BEGIN SUPPLIED MATERIAL

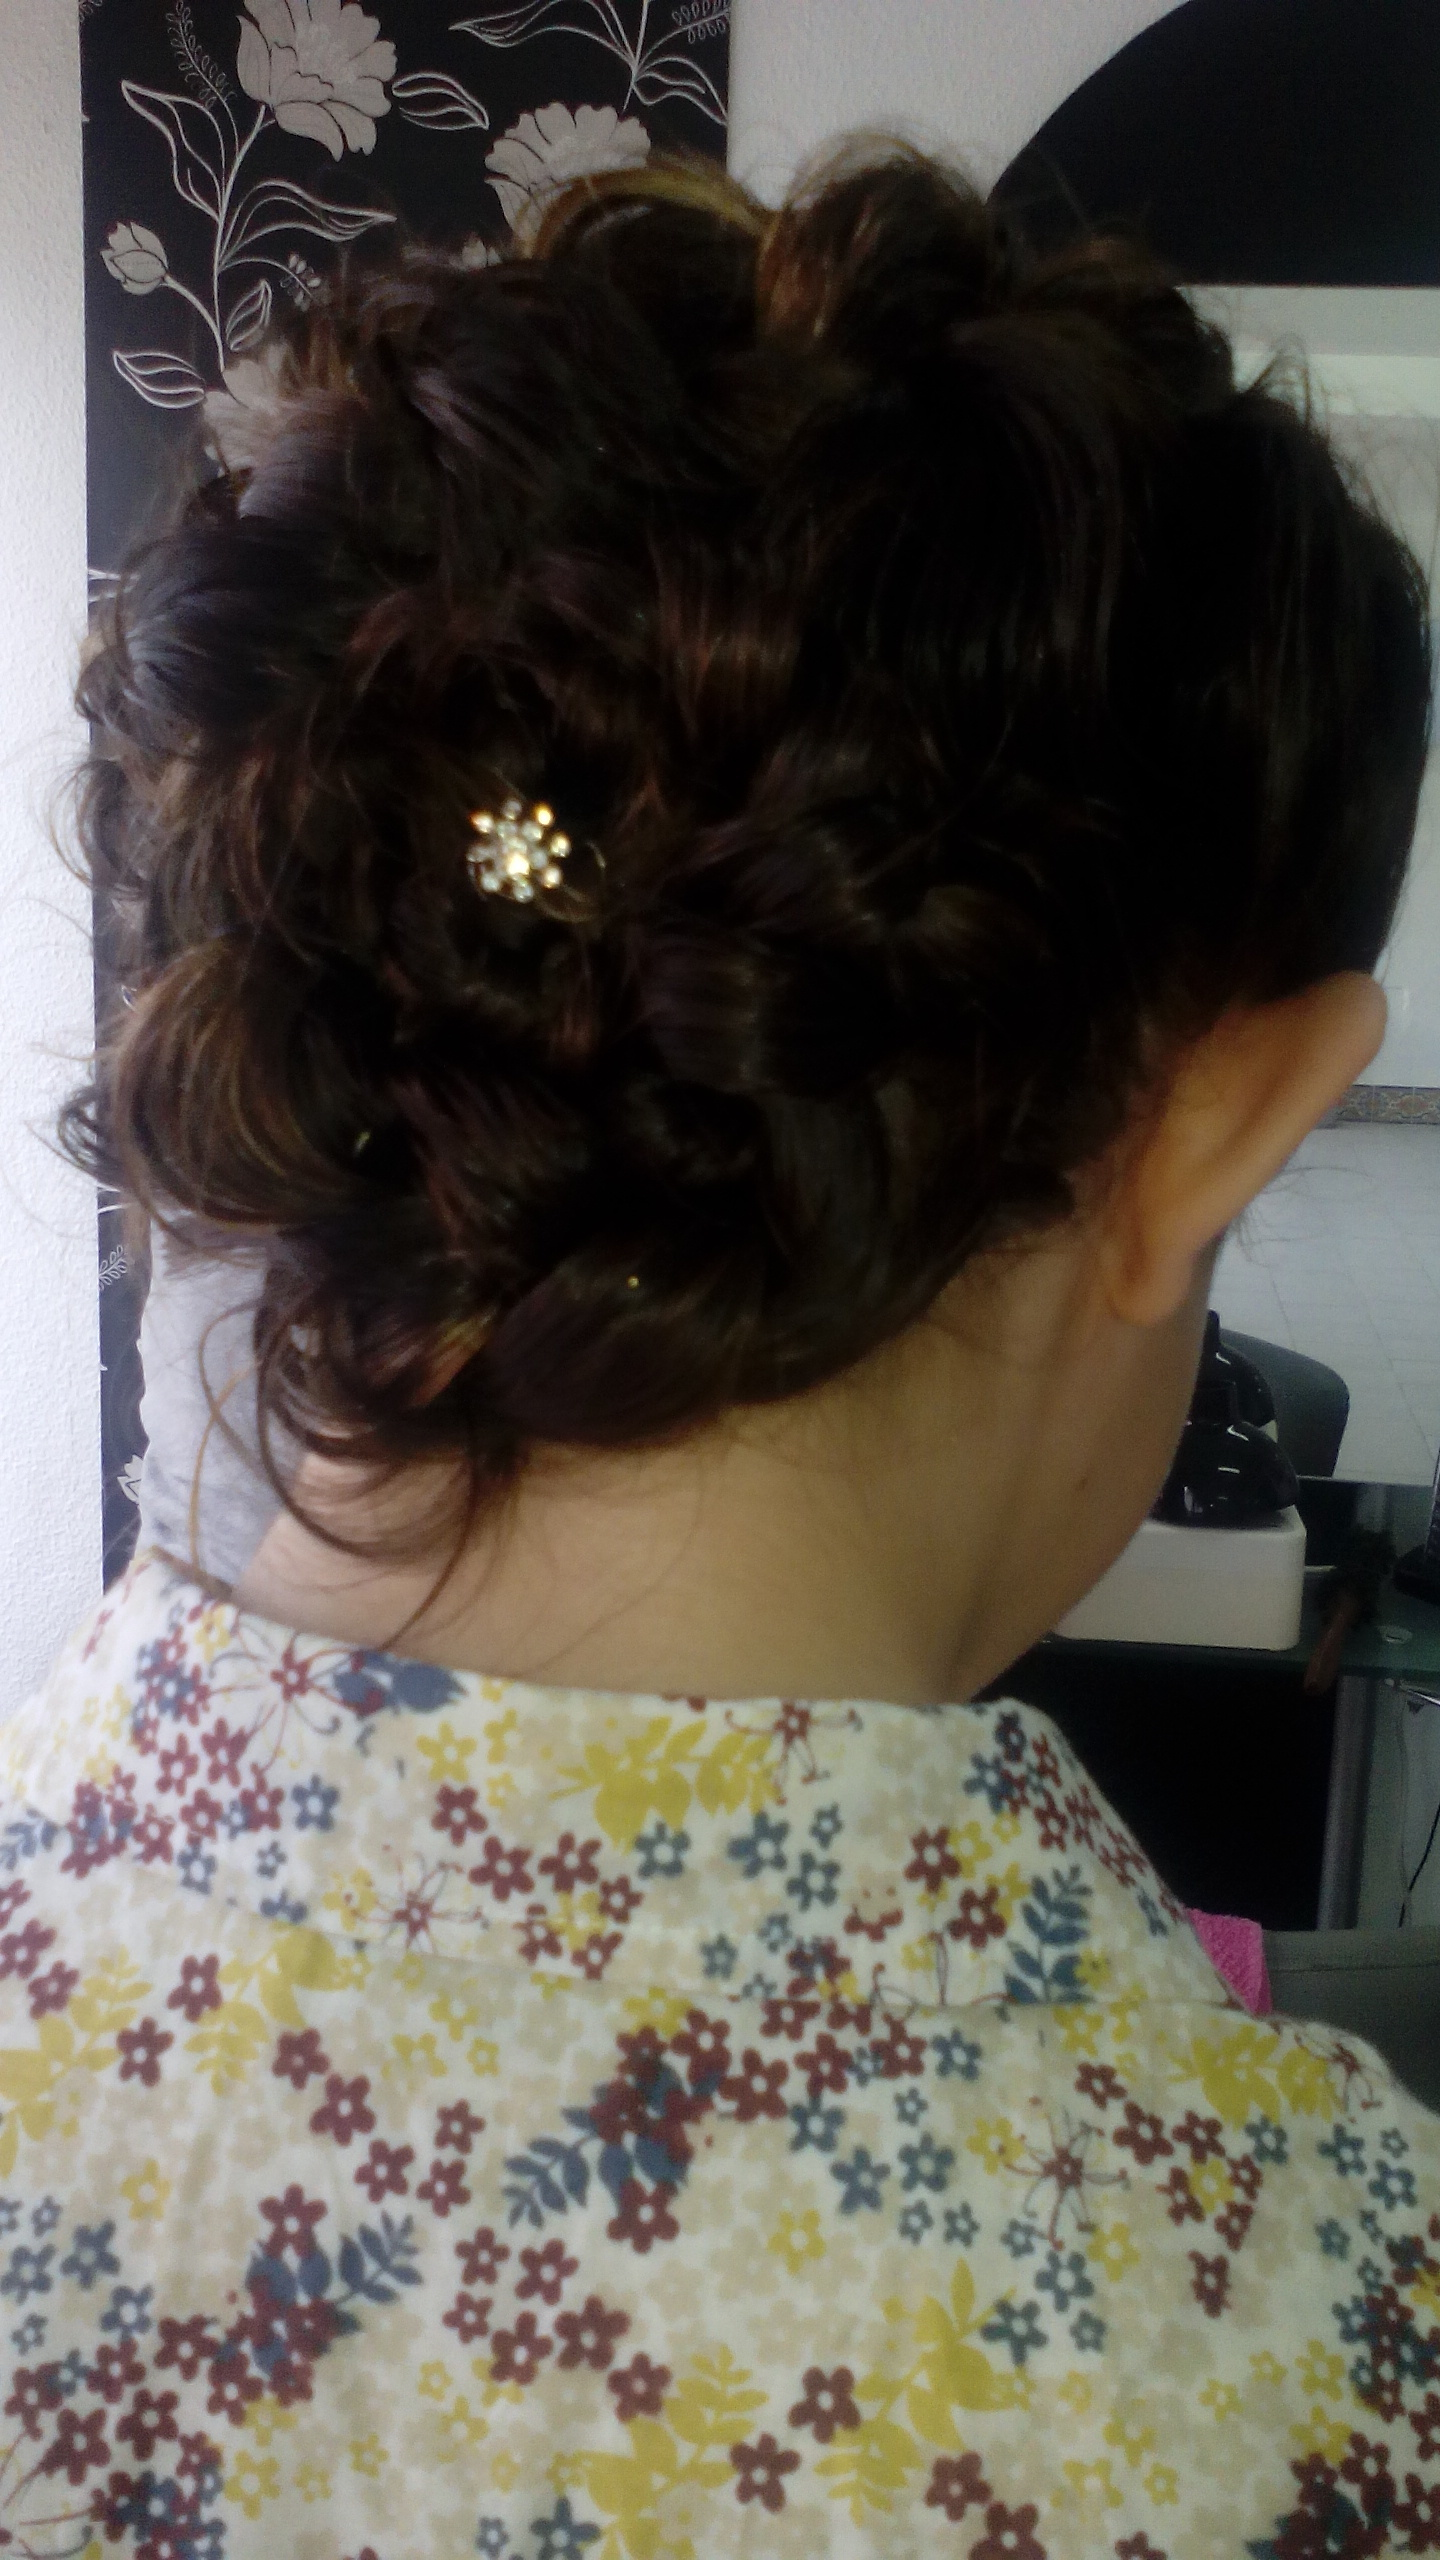 cabeleireiro(a) esteticista massoterapeuta cabeleireiro(a) esteticista massoterapeuta
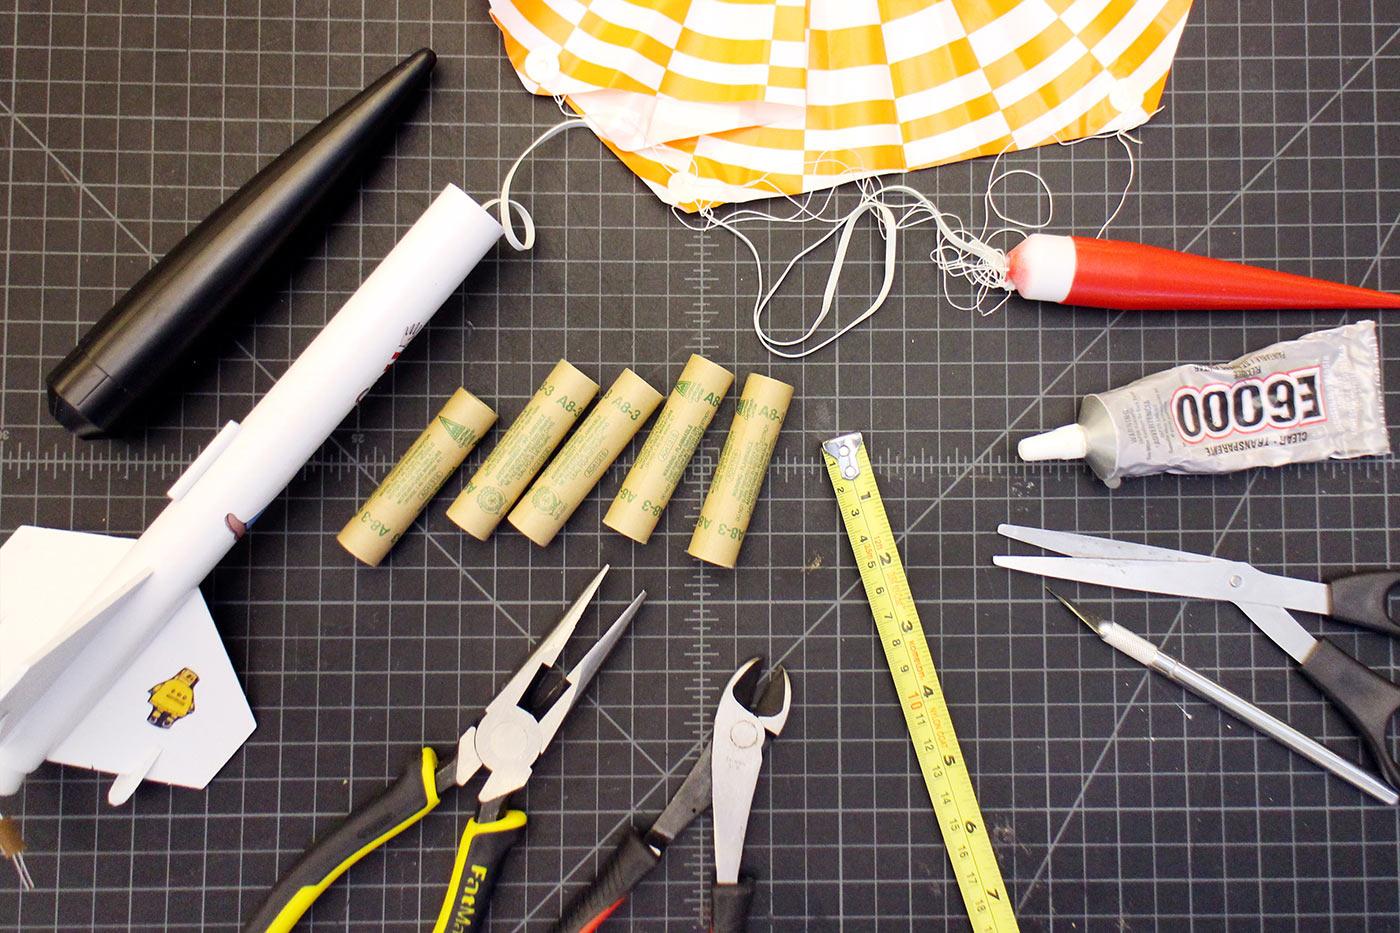 Tools + Supplies
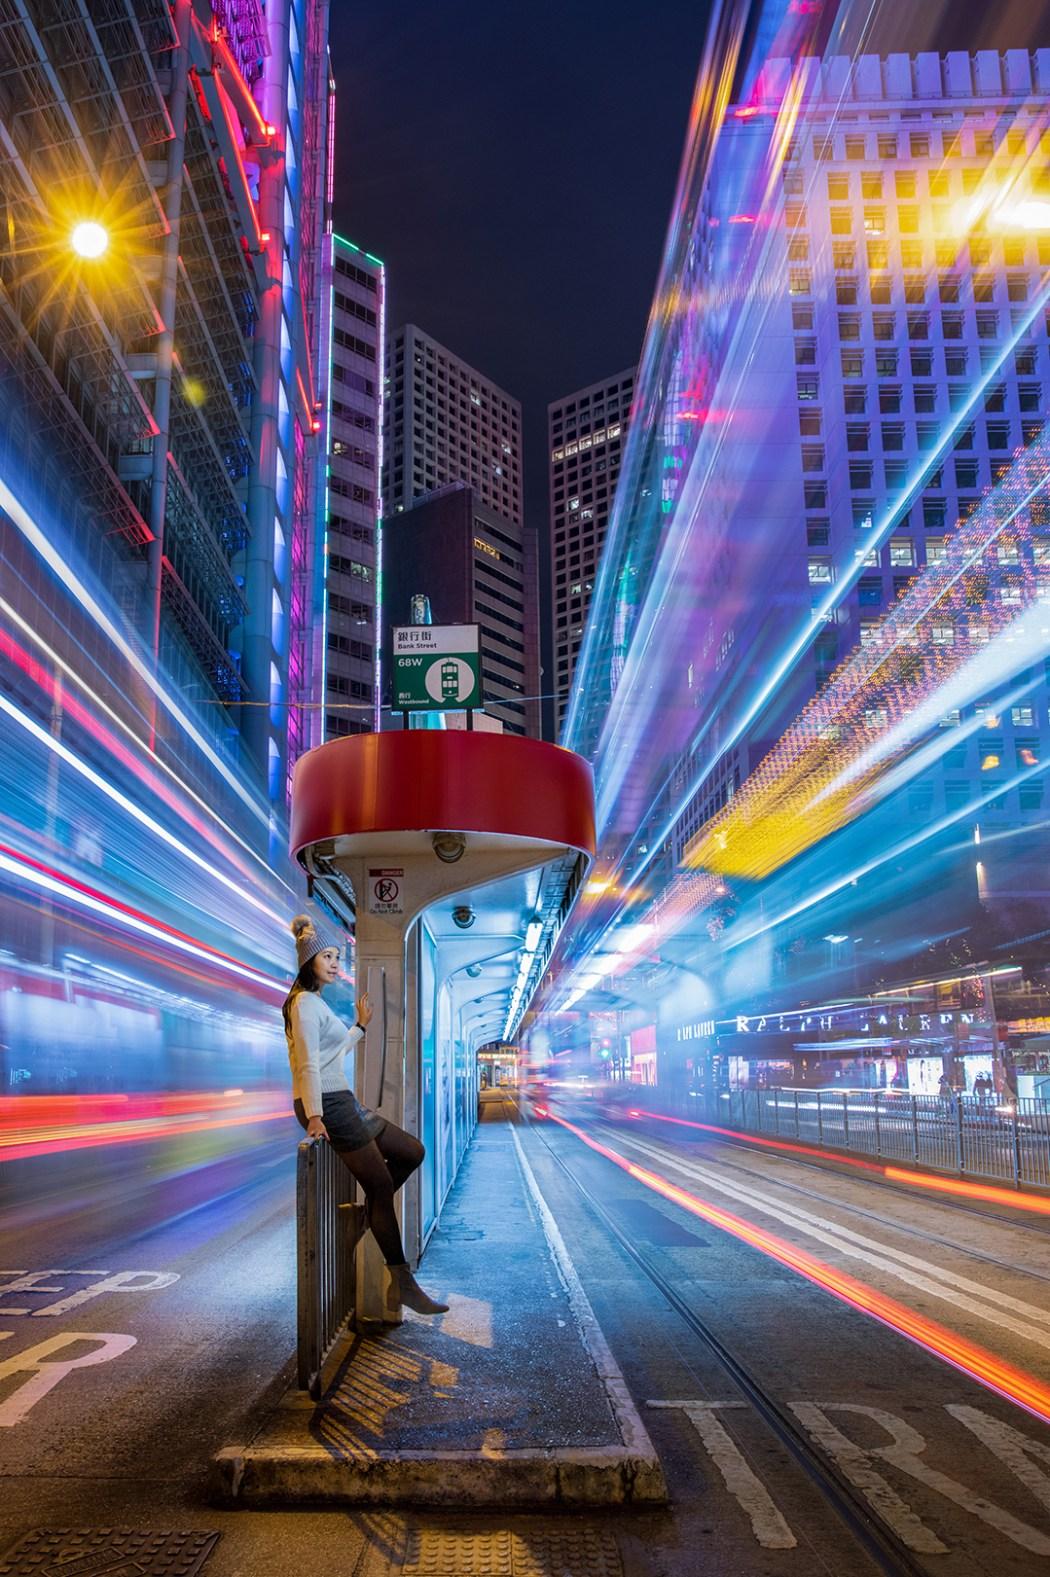 Hong Kong night neon street

END SUPPLIED MATERIAL

**ABOUT THIS TASK:** Your copy should match the data exactly, apart from the images, which are dropped.

**WORKED SOLUTION:**
 cabeleireiro(a) esteticista massoterapeuta cabeleireiro(a) esteticista massoterapeuta
 Tools + Supplies
 Hong Kong night neon street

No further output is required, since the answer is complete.